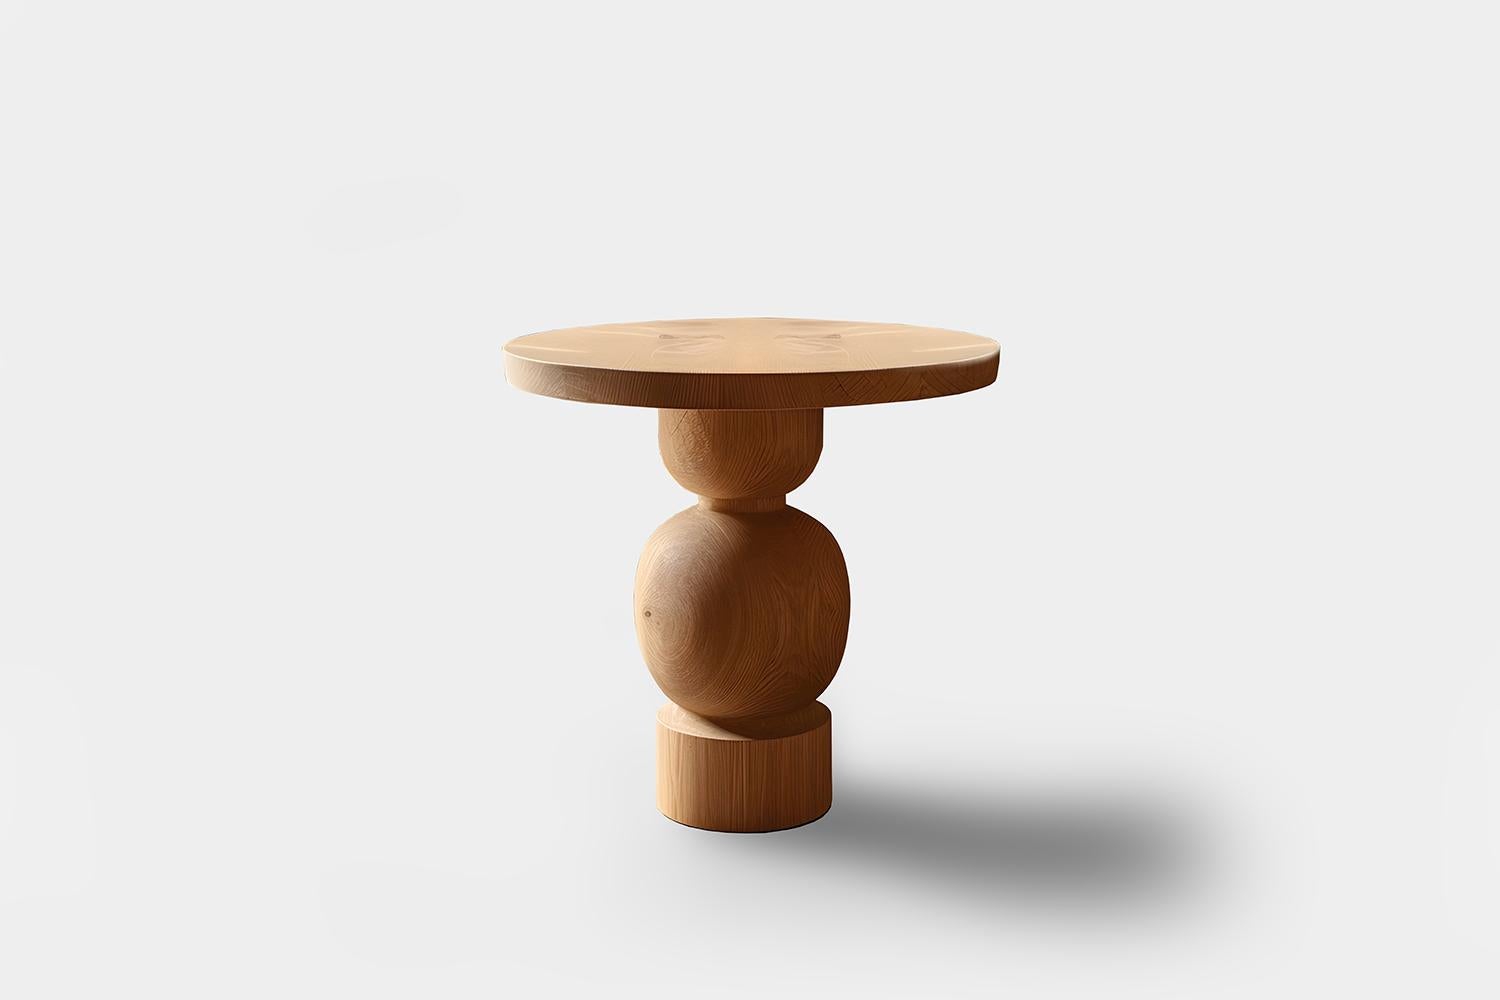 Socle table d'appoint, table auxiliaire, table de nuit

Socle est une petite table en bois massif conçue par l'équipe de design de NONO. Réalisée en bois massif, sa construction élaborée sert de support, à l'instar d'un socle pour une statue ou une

-=-=-

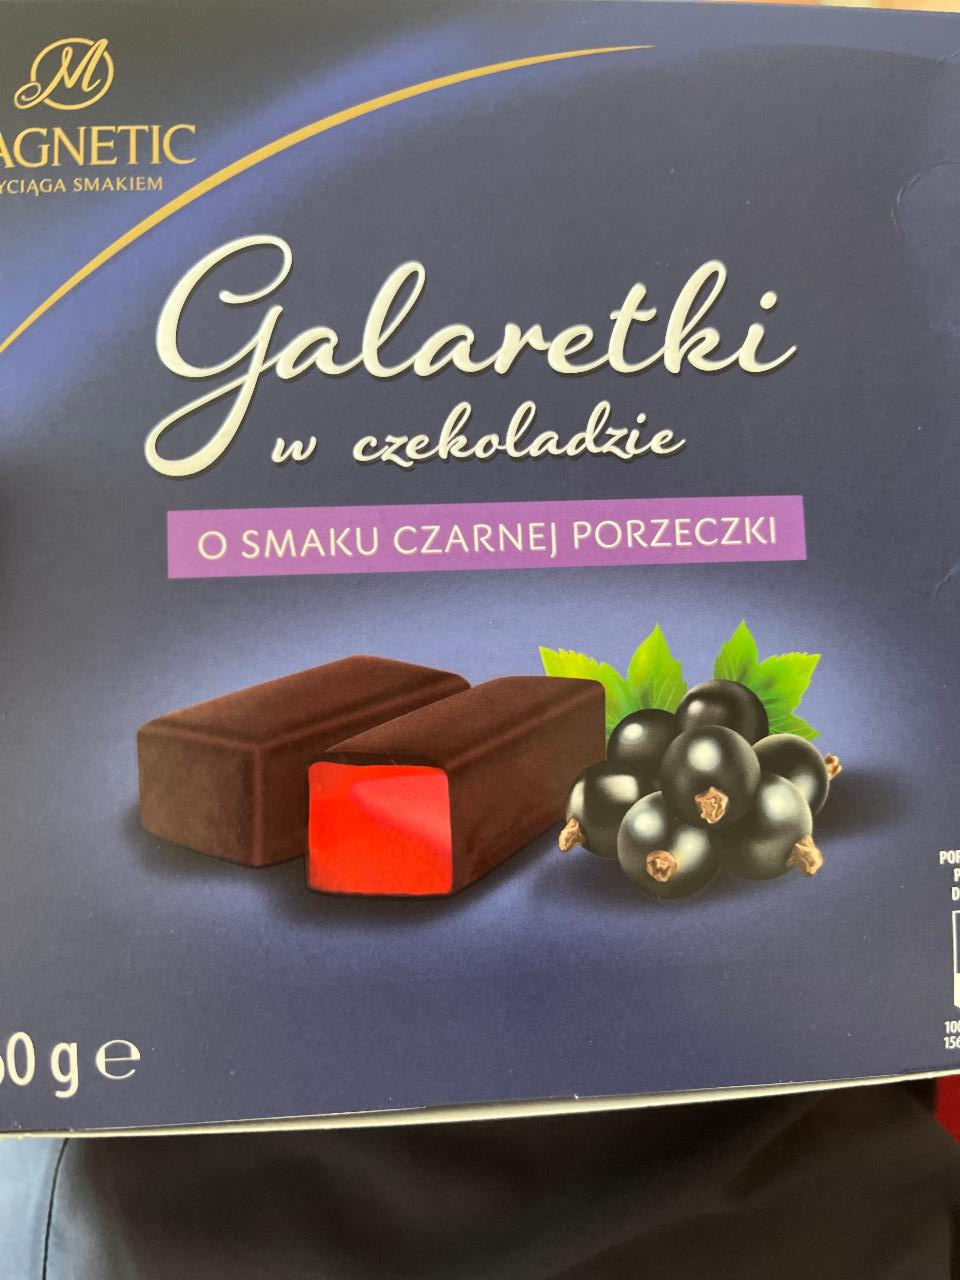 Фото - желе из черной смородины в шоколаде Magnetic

-=-=-

* Exercise
Look above for the line with "Socle table d'appoint, table" and the line with "Socle est une", then restate exactly those two lines and all lines between them, with no pictures.

* Task solution
 Socle table d'appoint, table auxiliaire, table de nuit

Socle est une petite table en bois massif conçue par l'équipe de design de NONO. Réalisée en bois massif, sa construction élaborée sert de support, à l'instar d'un socle pour une statue ou une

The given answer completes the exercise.